-- Your task --
Repeat each record below exactly, dropping the pictures.

**** Extracted records ****

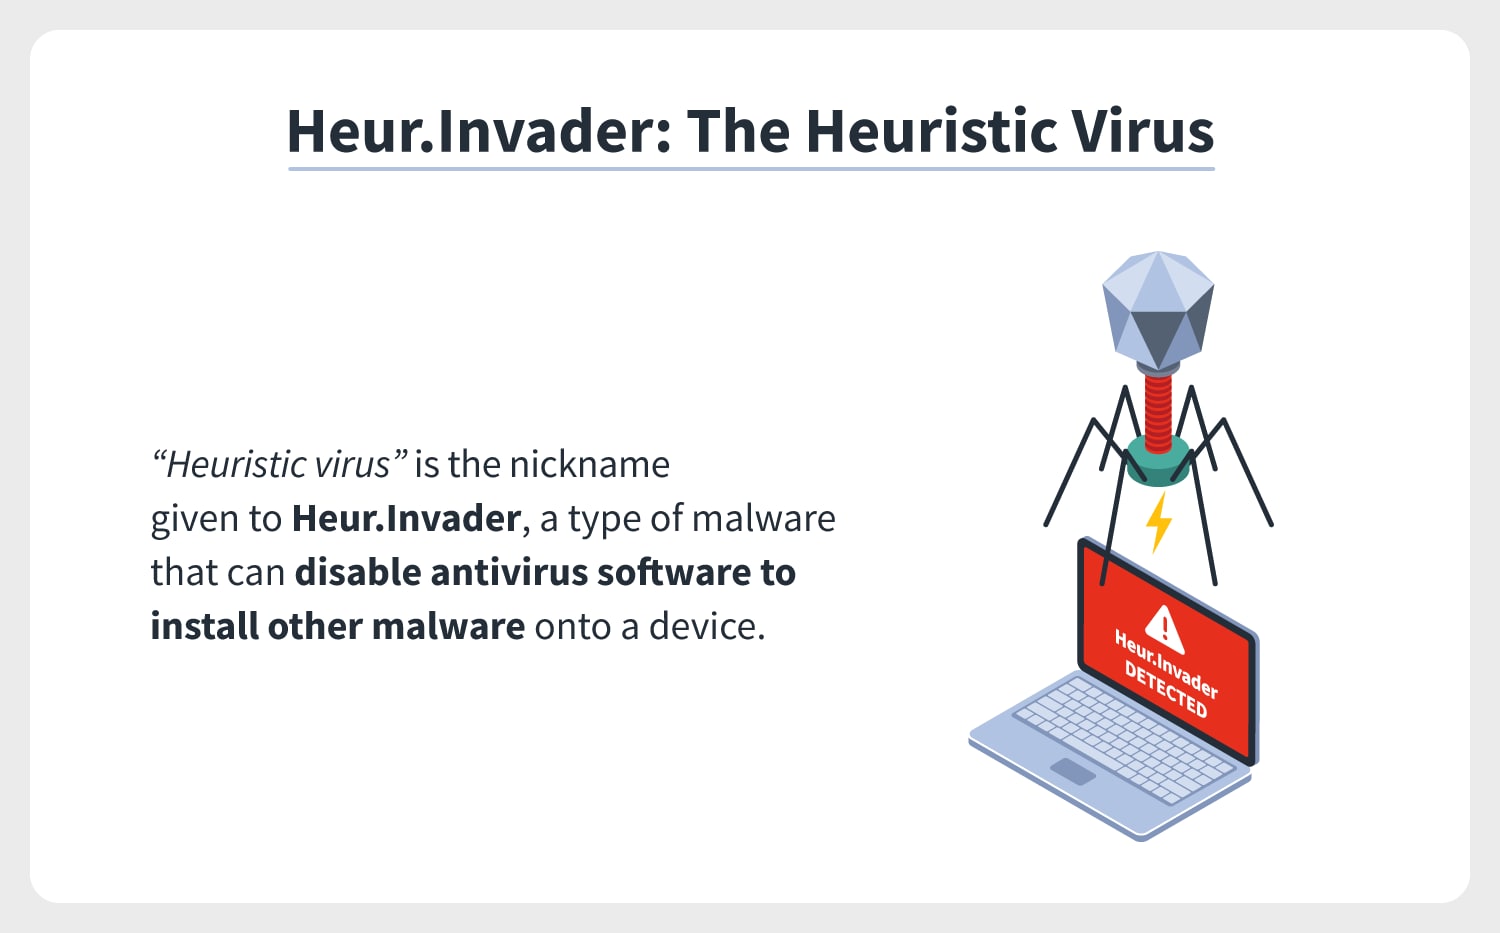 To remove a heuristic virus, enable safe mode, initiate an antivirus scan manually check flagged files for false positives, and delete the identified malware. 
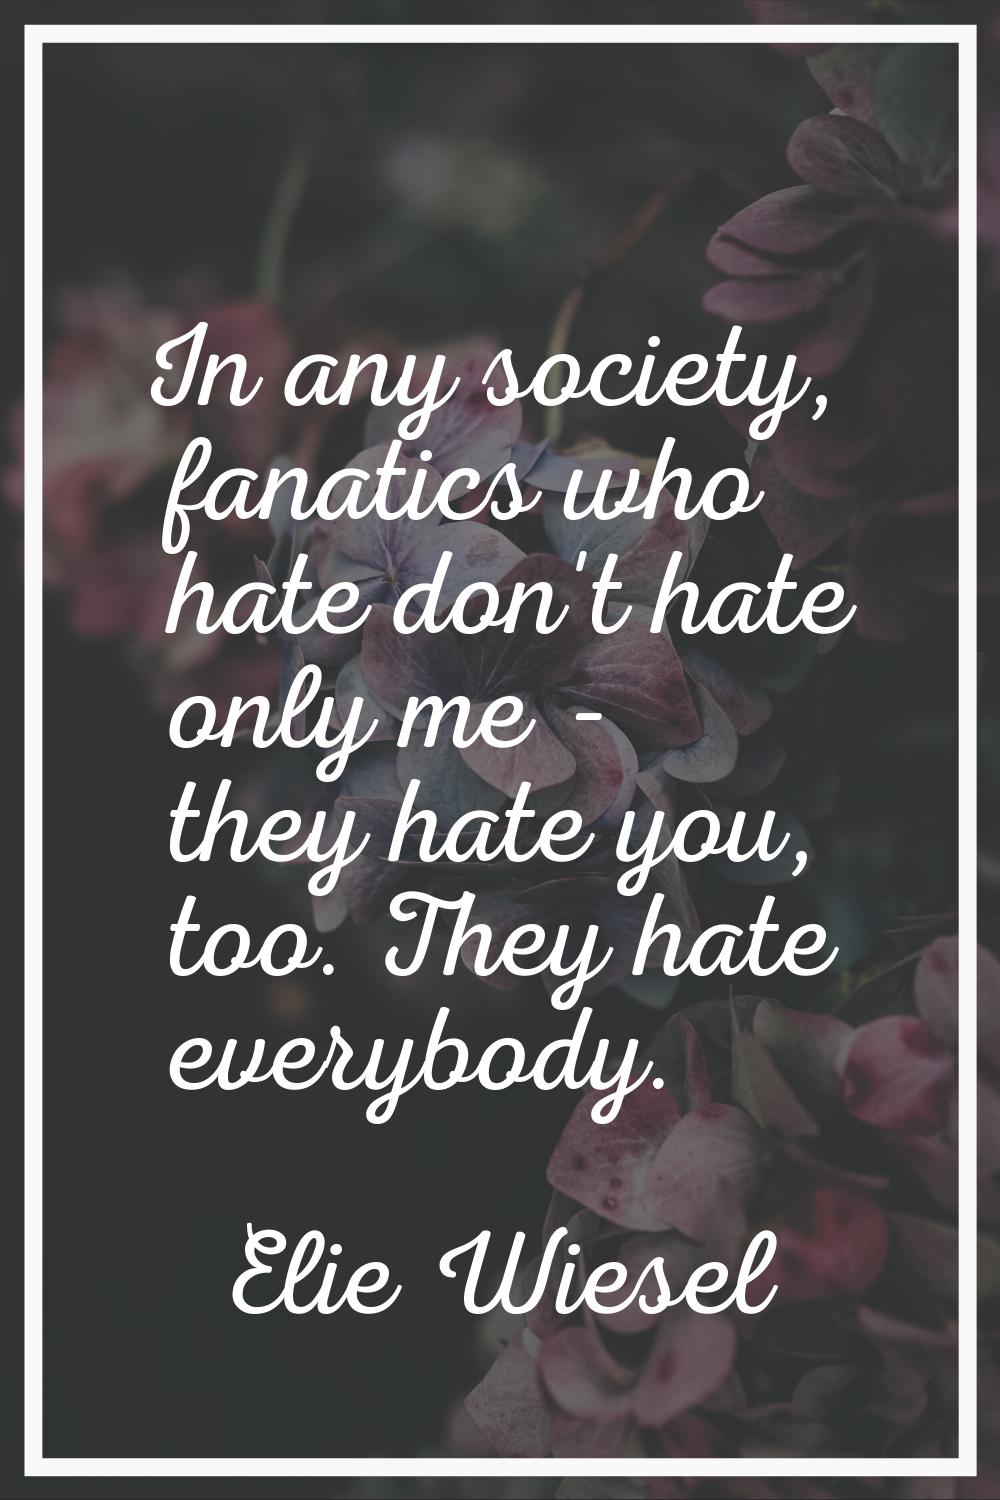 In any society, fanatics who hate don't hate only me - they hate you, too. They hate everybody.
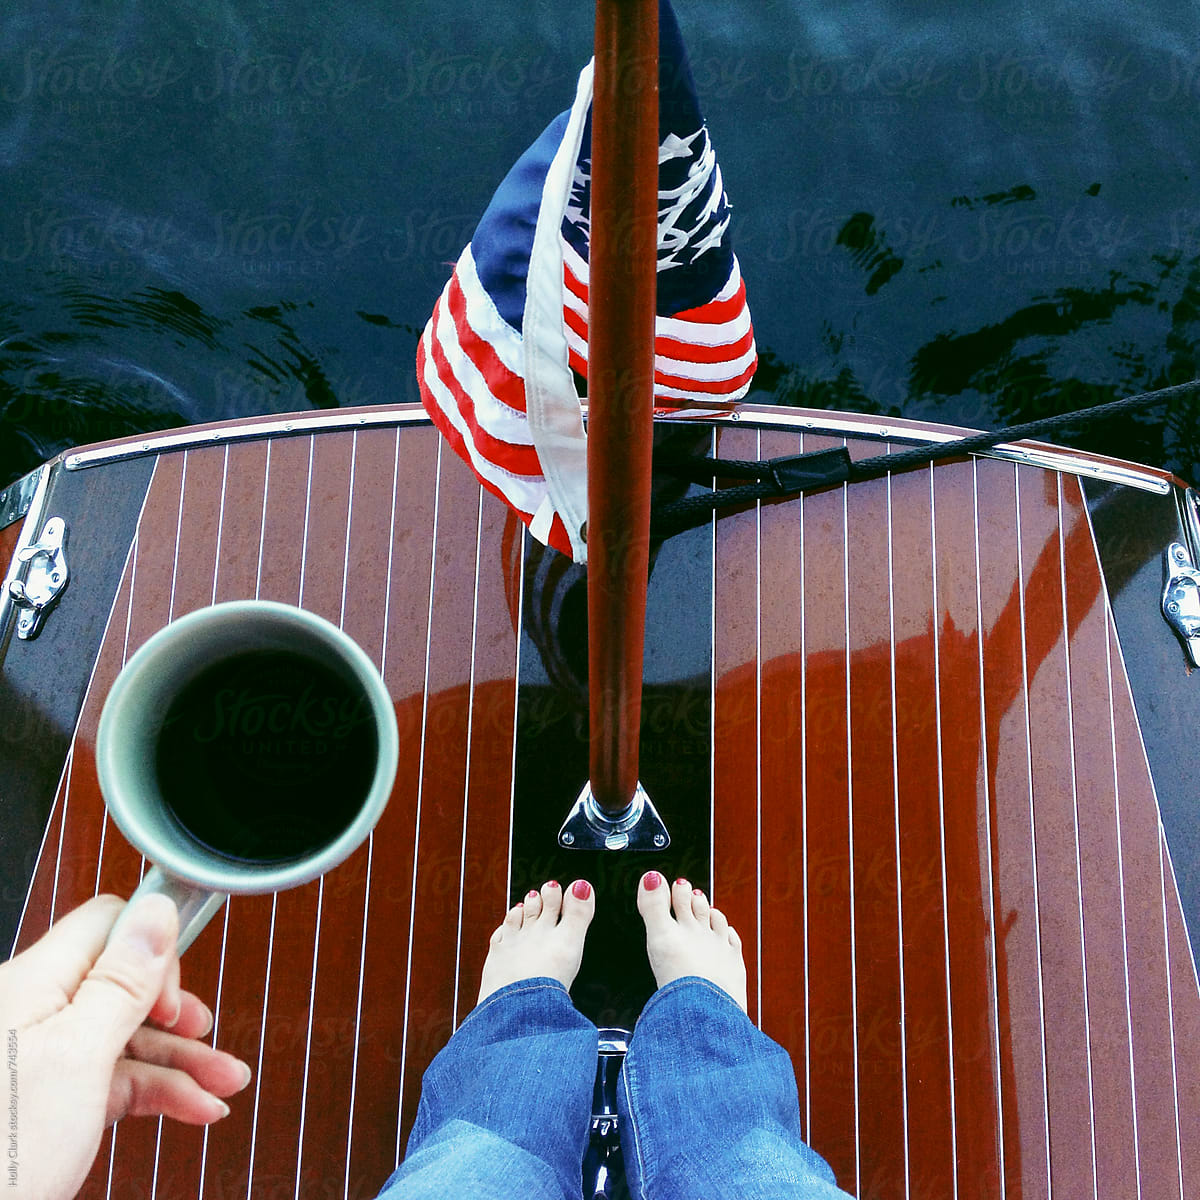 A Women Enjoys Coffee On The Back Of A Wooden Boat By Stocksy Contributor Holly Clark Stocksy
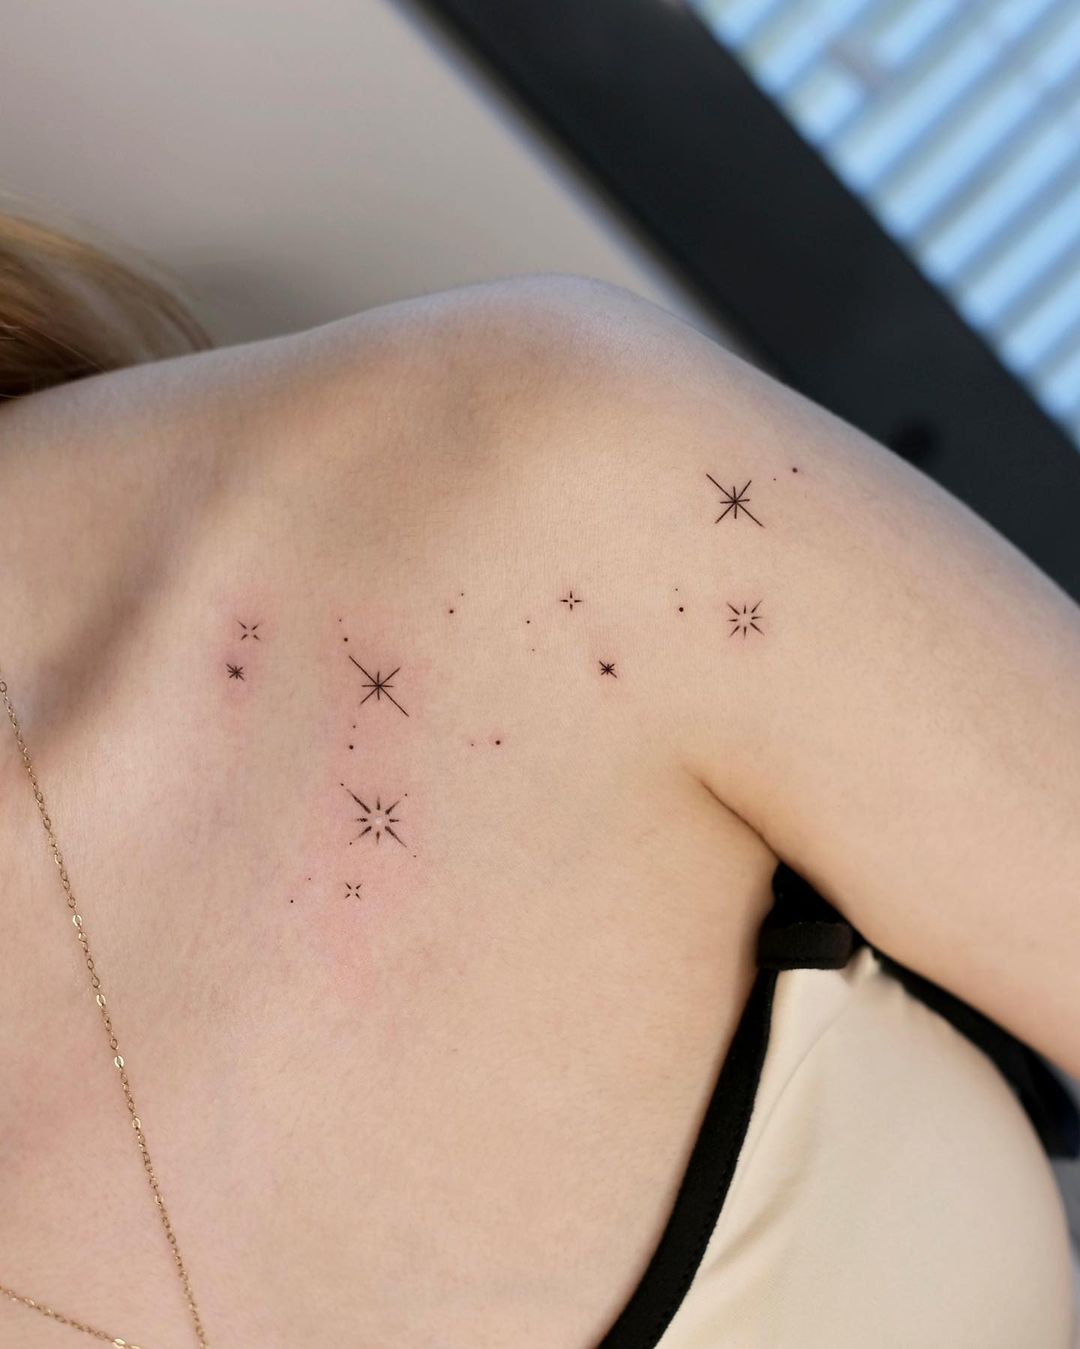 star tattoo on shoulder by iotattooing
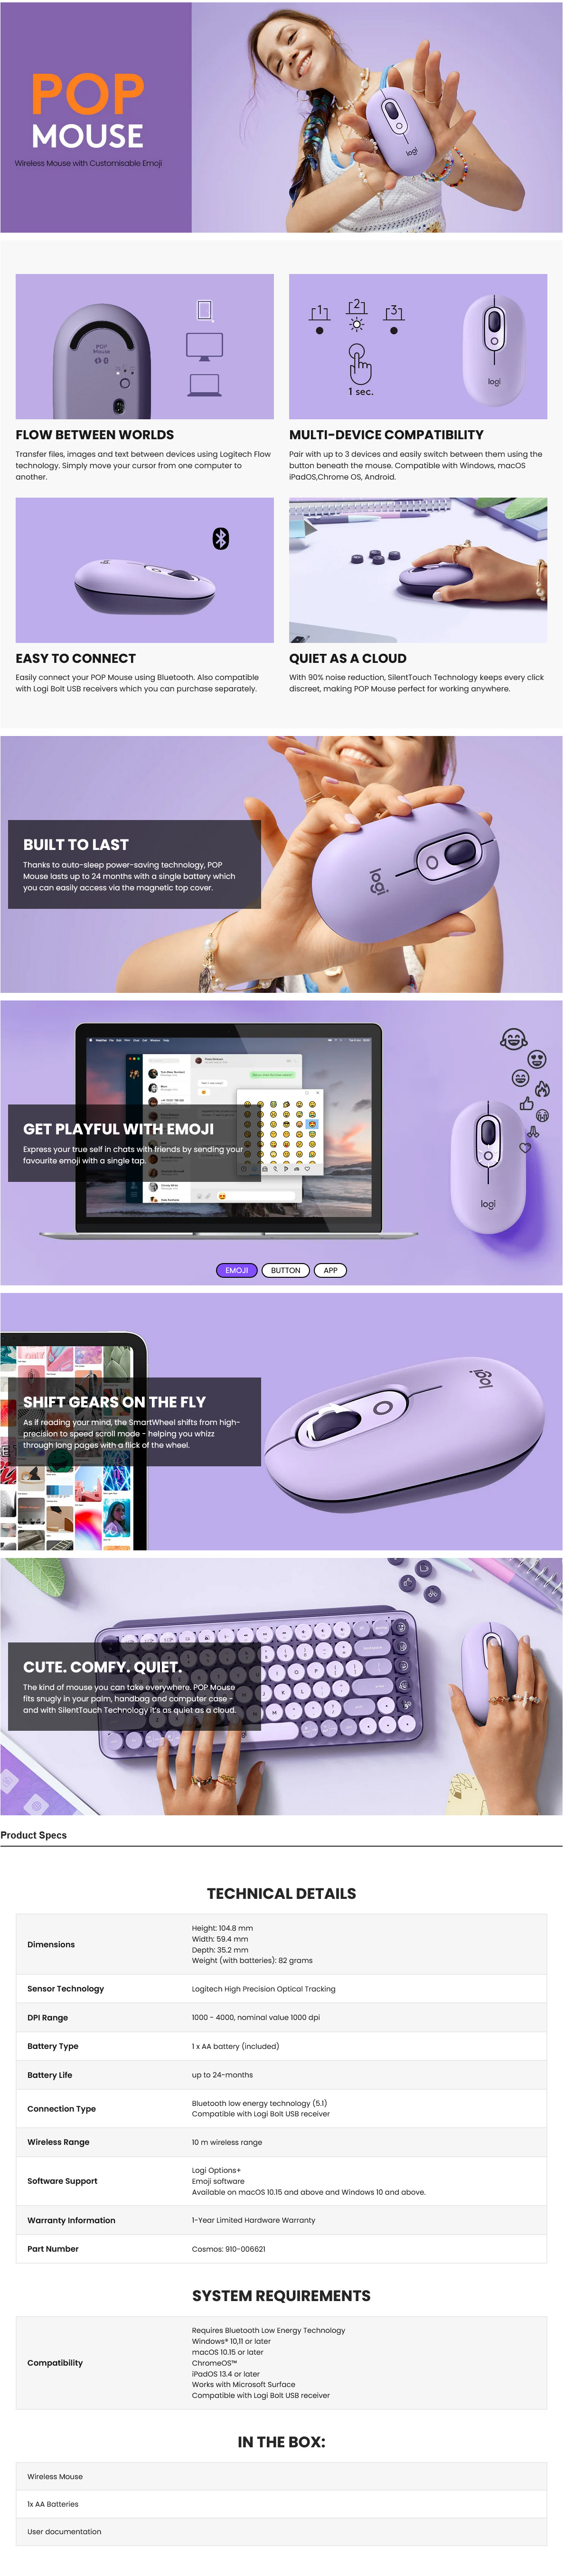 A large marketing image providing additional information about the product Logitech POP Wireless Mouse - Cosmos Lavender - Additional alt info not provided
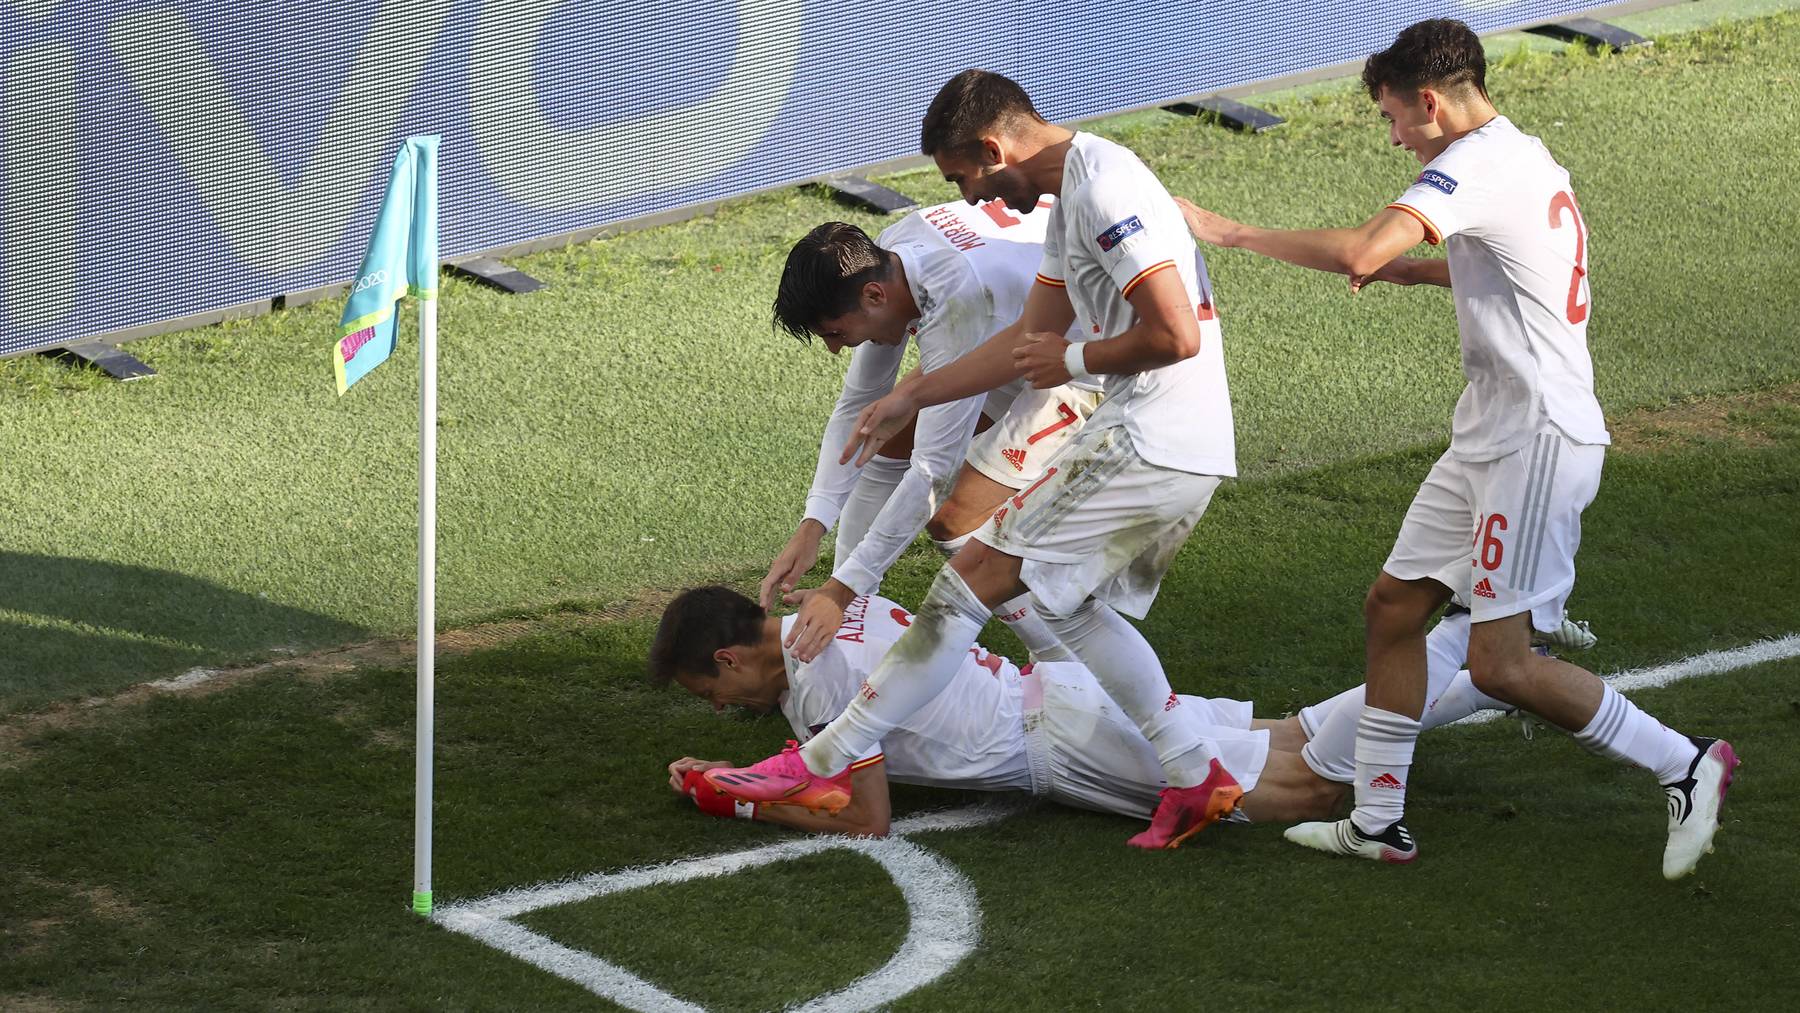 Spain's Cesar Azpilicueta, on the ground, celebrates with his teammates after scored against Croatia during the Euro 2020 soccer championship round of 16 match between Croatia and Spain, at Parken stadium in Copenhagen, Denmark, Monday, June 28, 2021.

****

-- Problem solution --
 To remove a heuristic virus, enable safe mode, initiate an antivirus scan manually check flagged files for false positives, and delete the identified malware. 
 In any society, fanatics who hate don't hate only me - they hate you, too. They hate everybody.
 A Women Enjoys Coffee On The Back Of A Wooden Boat By Stocksy Contributor Holly Clark Stocksy
 star tattoo on shoulder by iotattooing
 A large marketing image providing additional information about the product Logitech POP Wireless Mouse - Cosmos Lavender - Additional alt info not provided
 Spain's Cesar Azpilicueta, on the ground, celebrates with his teammates after scored against Croatia during the Euro 2020 soccer championship round of 16 match between Croatia and Spain, at Parken stadium in Copenhagen, Denmark, Monday, June 28, 2021.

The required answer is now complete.